In some embodiments the actual physical design of the housing of the sensor is such that it can be easily clipped onto an existing optical level indicator plug. For example, it can replace an existing lid of an optical electrolyte level indicator or it is dimensioned in such a way that one can just easily place it over an existing indicator plug so that the sensor is placed correctly over the optical indicator. In some embodiments the sensing device is configured to recognize when it is not properly attached to or relative to the indicator. An output may be provided to an operator indicative of the faulty attachment (such as firing of a light emitter on the device). This may help to avoid faulty alarms. The housing of the sensing device can be formed of any material. In some embodiments the housing of the sensing device is made from plastic (or primarily from plastic). In some embodiments the sensing device comprises a corrosion resistant material and/or coating, to provide corrosion resistance for example against the types of acids used in batteries.

An appropriately adapted computer program code product or products may be used for implementing the embodiments, when loaded on an appropriate data processing apparatus. The program code product for providing the operation may be stored on, provided and embodied by means of an appropriate carrier medium. An appropriate computer program can be embodied on a computer readable record medium. A possibility is to download the program code product via a data network. In general, the various embodiments may be implemented in hardware or special purpose circuits, software, logic or any combination thereof. Embodiments of the inventions may thus be practiced in various components such as integrated circuit modules. The design of integrated circuits is by and large a highly automated process. Complex and powerful software tools are available for converting a logic level design into a semiconductor circuit design ready to be etched and formed on a semiconductor substrate.

It is also noted herein that while the above describes exemplifying embodiments of the invention, there are several variations and modifications which may be made to the disclosed solution without departing from the scope of the present invention.

Claims (43)

Claim

1. A sensing device for monitoring a battery status, comprising: a sensor housing, the sensor housing configured to be mounted on an exterior of a battery, proximate to a visual indicator of a state of the battery; the sensor housing comprising a sensor, the sensor configured to sense an output of the visual indicator of the battery; the sensing device further comprising a controller configured to digitize the output of the visual indicator of the battery, so as to provide a digitized output from the sensing device.

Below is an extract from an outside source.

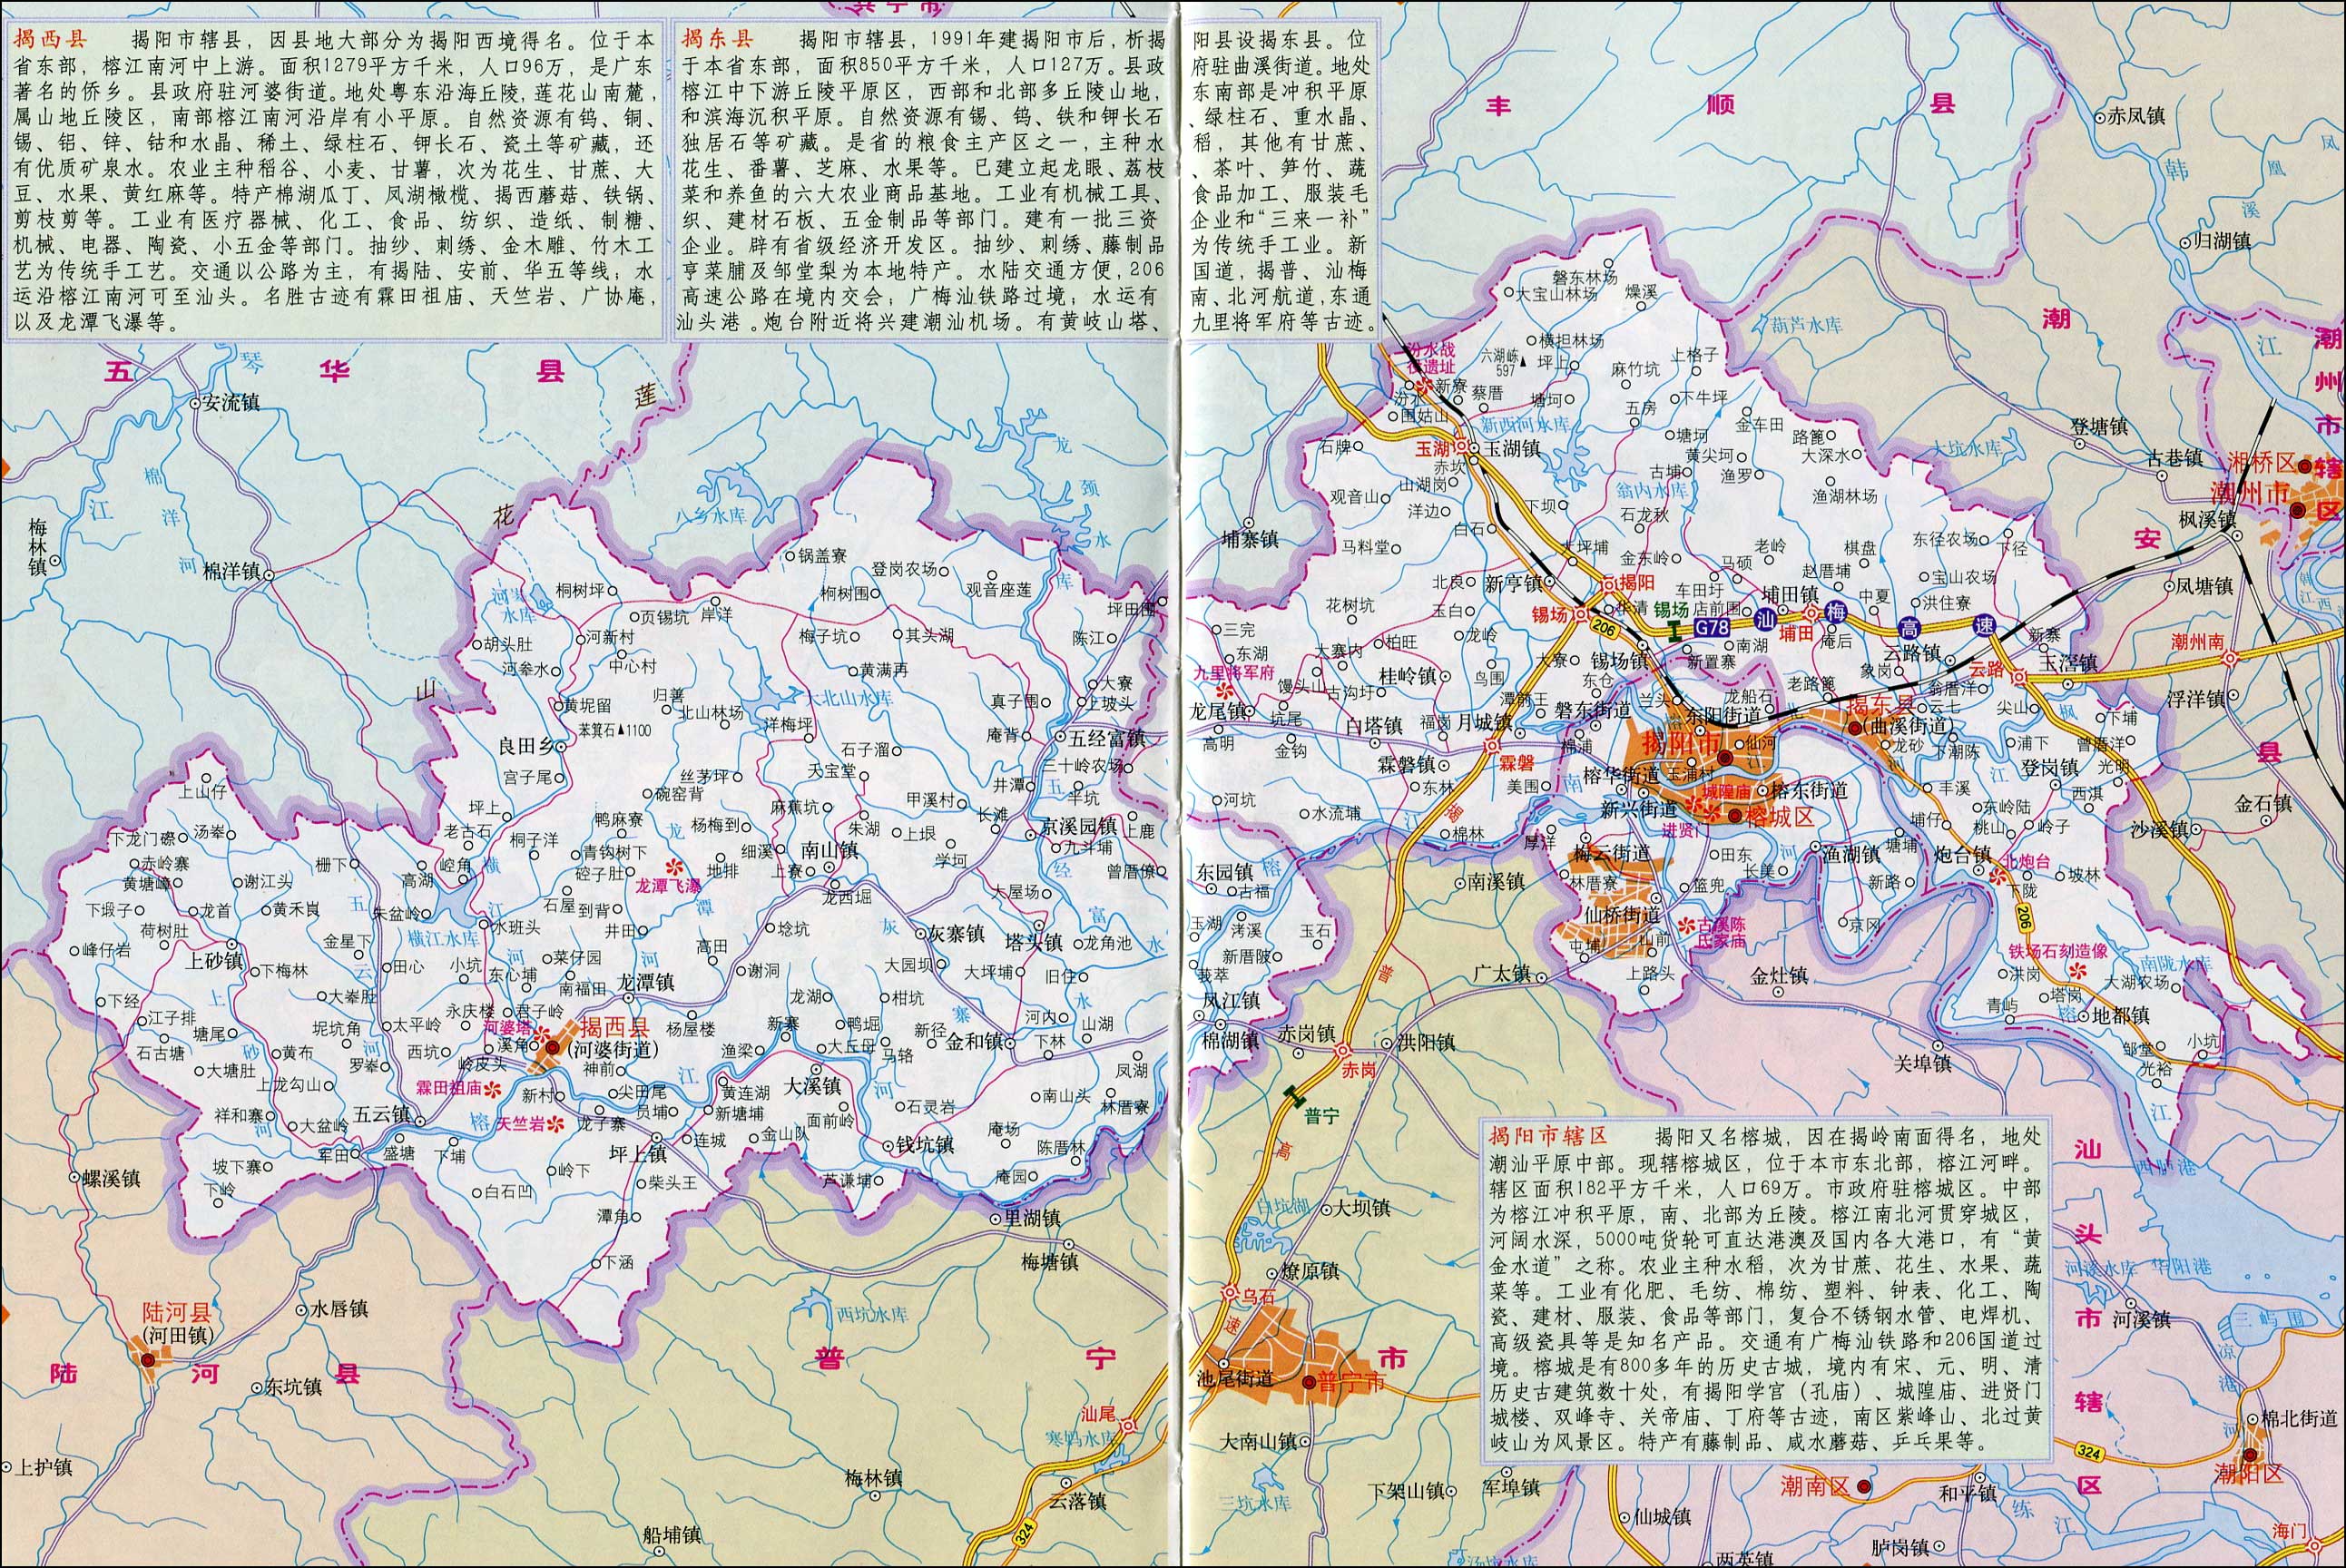 揭阳市辖区,掲西县,揭东县_揭阳市地图查询

2. A sensing device as set forth in claim 1, the state of the battery comprising a fluid level of the battery.

3. A sensing device as set forth in claim 2, the fluid level comprising a water and/or electrolyte level.

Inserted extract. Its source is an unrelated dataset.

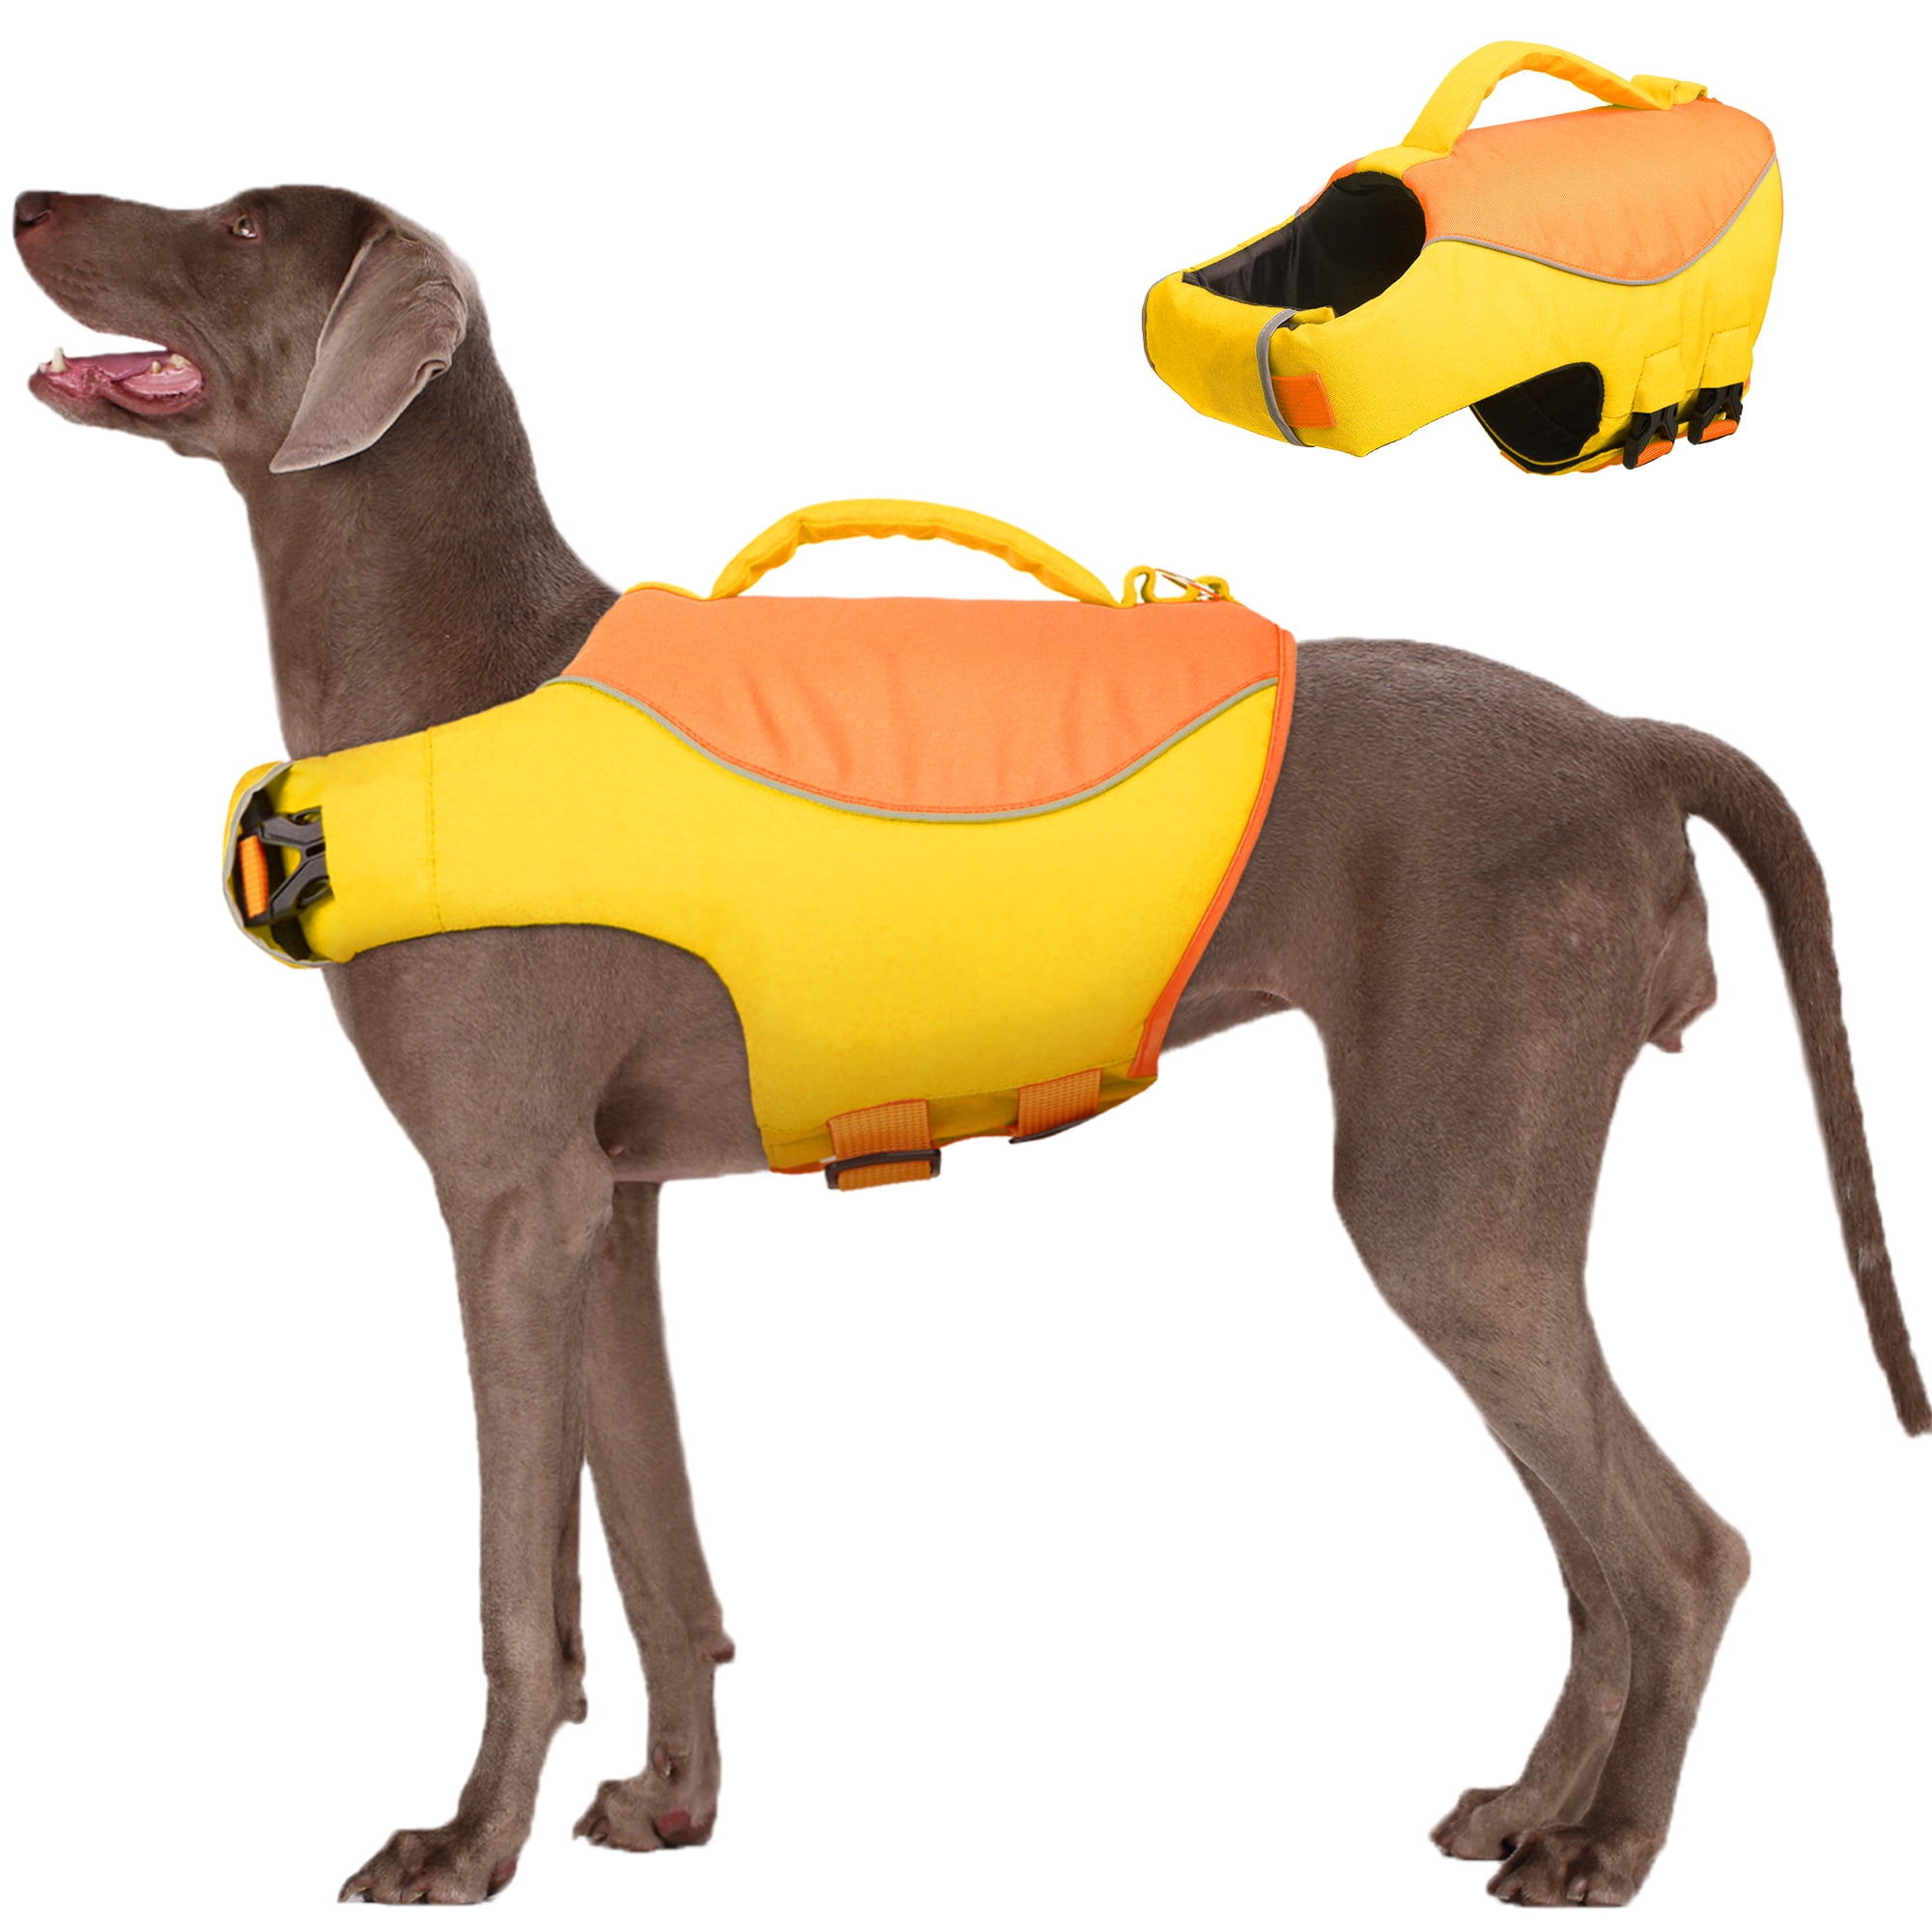 Kuoser Dog Life Jacket, Dog Life Vest for Swimming Boating, Reflective ...

4. A sensing device as set forth in any preceding claim, the sensing device ™ comprising a standalone sensing device.

5. A sensing device as set forth in any preceding claim, the sensing device comprising its own power source.

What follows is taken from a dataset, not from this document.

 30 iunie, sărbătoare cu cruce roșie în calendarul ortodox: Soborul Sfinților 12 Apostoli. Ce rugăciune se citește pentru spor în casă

6. A sensing device as set forth in claim 5, the power source comprising a coin battery comprised within the sensor housing.

7. A sensing device as set forth in claim 5 or claim 6, the power source being replaceable in the sensor housing.

8. A sensing device as set forth in any preceding claim, comprising one or more light emitters on the sensor housing to display the digitized output in a visual form,

9. A sensing device as set forth in claim 8, the one or more light emitters comprising one or more LEDs.

10. A sensing device as set forth in claim 8 or claim 9, the one or more light emitters comprising only a single light emitter.

11. A sensing device as set forth in claim 10, the single light emitter configured to be illuminated only when the state of the battery reaches a predetermined state.

12. A sensing device as set forth in claim 11, wherein the predetermined state comprises a state at which the battery requires servicing.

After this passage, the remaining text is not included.